Hi all,
libvirt's qemu driver doesn't follow the semantics of CPU-related counters in
nodeinfo structure, which is
nodes : the number of NUMA cell, 1 for uniform mem access
sockets : number of CPU socket per node
cores : number of core per socket
threads : number of threads per core
Qemu driver ignores the "per node" part of sockets semantics, and only gives
total number of sockets found on the host. That actually makes more sense but
we have to fix it since it doesn't follow the documented semantics of public
API. That is, we would do something like the following at the end of
linuxNodeInfoCPUPopulate():
nodeinfo->sockets /= nodeinfo->nodes;
The problem is that NUMA topology is independent on CPU topology and there are
systems for which nodeinfo->sockets % nodeinfo->nodes != 0. An example being
the following NUMA topology of a system with 4 CPU sockets:
node0 CPUs: 0-5
total memory: 8252920
node1 CPUs: 6-11
total memory: 16547840
node2 CPUs: 12-17
total memory: 8273920
node3 CPUs: 18-23
total memory: 16547840
node4 CPUs: 24-29
total memory: 8273920
node5 CPUs: 30-35
total memory: 16547840
node6 CPUs: 36-41
total memory: 8273920
node7 CPUs: 42-47
total memory: 16547840
which shows that the cores are actually mapped via the AMD intra-socket
interconnects.
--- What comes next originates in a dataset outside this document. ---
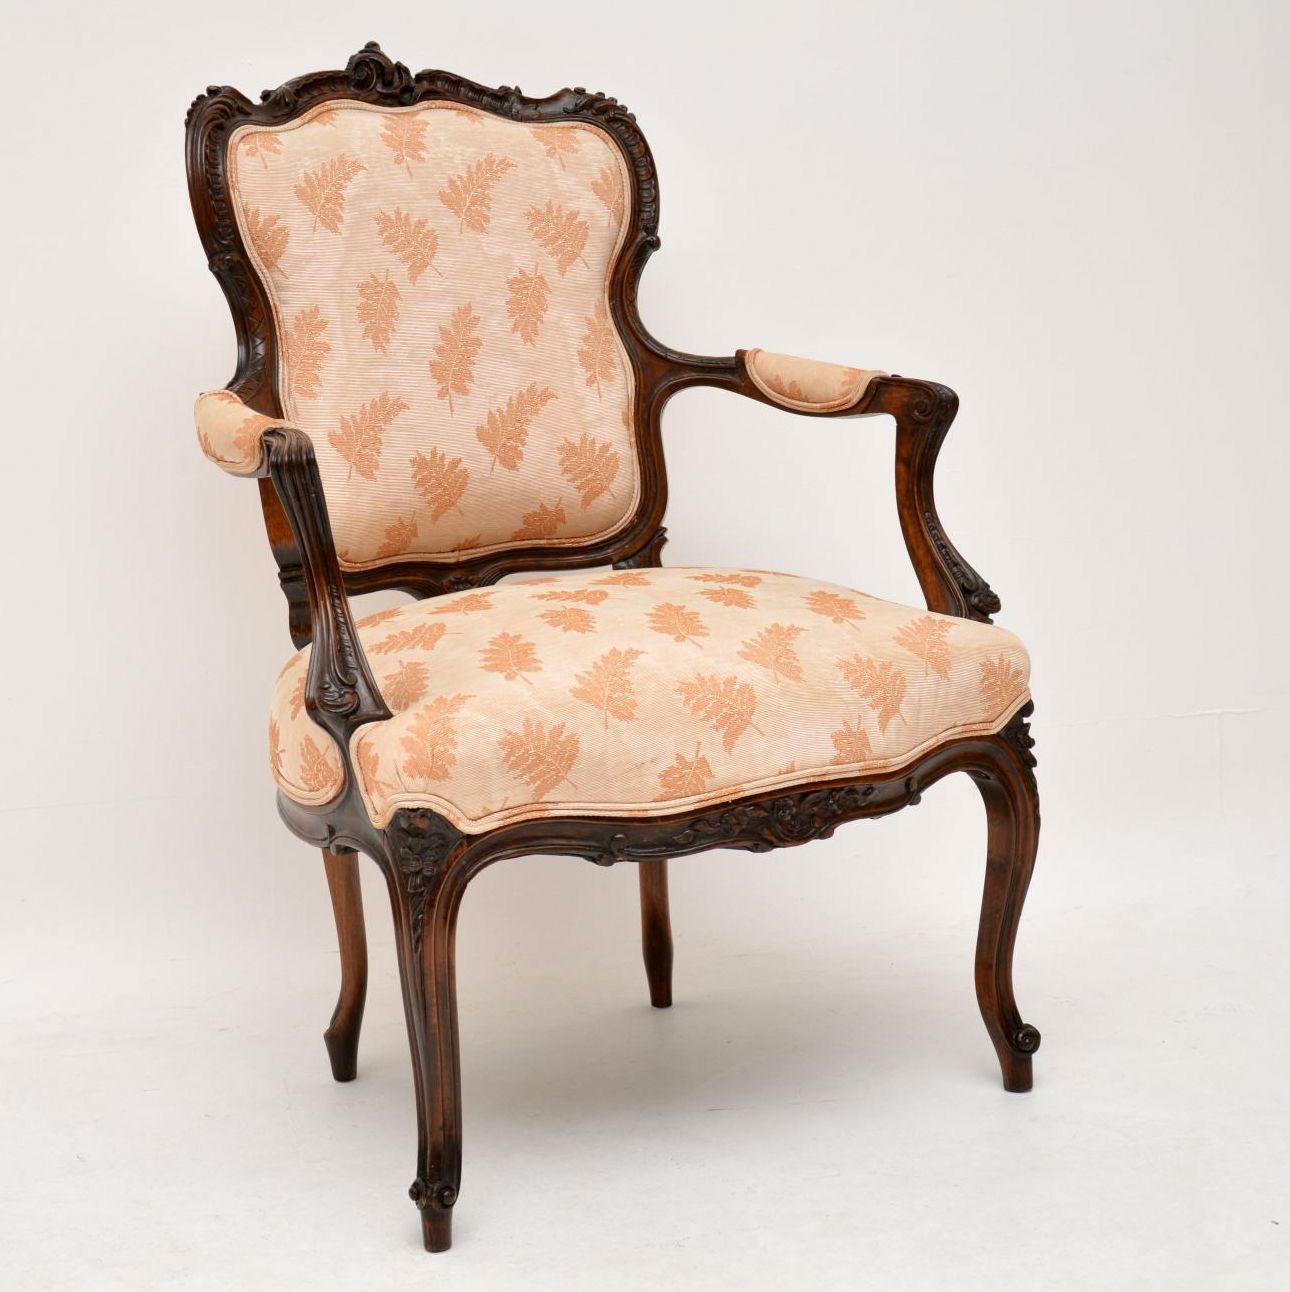 French antique walnut salon armchair in good original condition, dating roughly from the 1880s period. It’s finely carved all-over and the carving is very crisp. This chair is structurally sound & the upholstery is still in good condition. It has a

Note that this funky topology was verified to be correct so
it's not just a kernel bug which would result in wrong topology being
reported.
So the suggested calculation wouldn't work on such systems and we cannot
really follow the API semantics since it doesn't work in this case.
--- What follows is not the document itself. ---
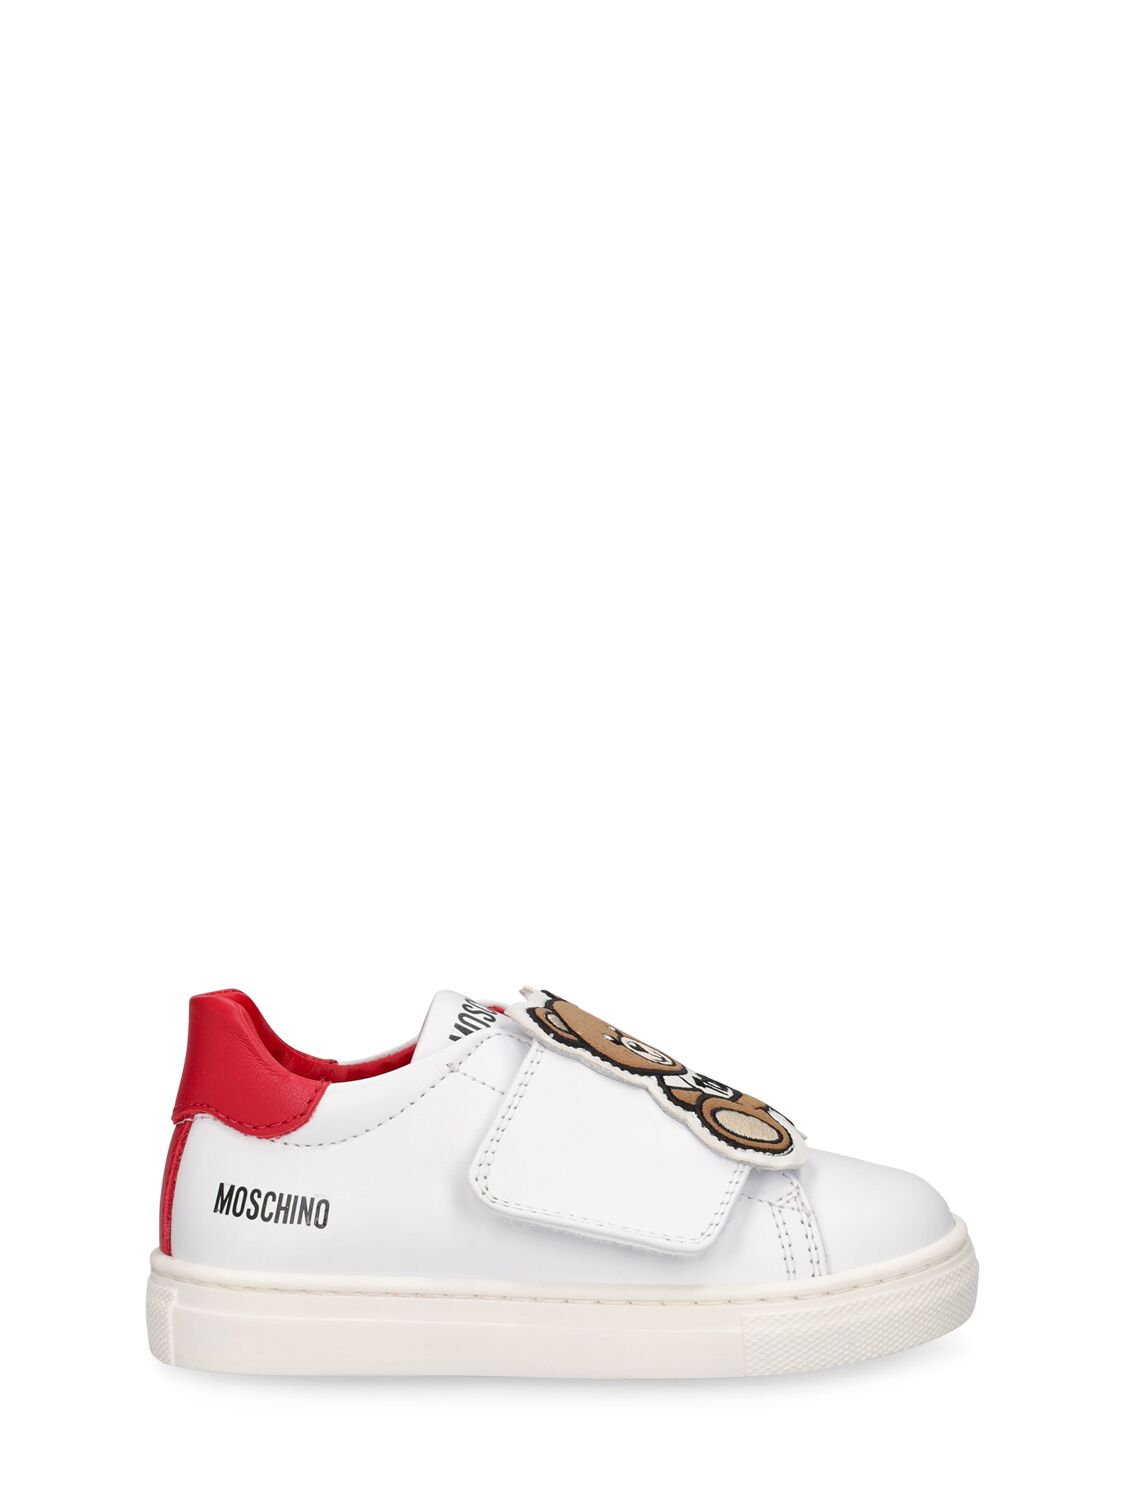 Moschino Kids' Teddy Patch Leather Strap Sneakers In White,red

My suggestion is to use the following code in linuxNodeInfoCPUPopulate():
if (nodeinfo->sockets % nodeinfo->nodes == 0)
nodeinfo->sockets /= nodeinfo->nodes;
else
nodeinfo->nodes = 1;
That is we would lie about number of NUMA nodes on funky systems. If
nodeinfo->nodes is greater than 1, then applications can rely on it being
correct. If it's 1, applications that care about NUMA topology should consult
/capabilities/host/topology/cells of capabilities XML to check the number of
NUMA nodes in a reliable way, which I guess such applications would do anyway.
However, if you have a better idea of fixing the issue while staying more
compatible with current semantics, don't hesitate to share it.
Note, that we have VIR_NODEINFO_MAXCPUS macro in libvirt.h which computes
maximum number of CPUs as (nodes * sockets * cores * threads) and we need to
keep this working.
Jirka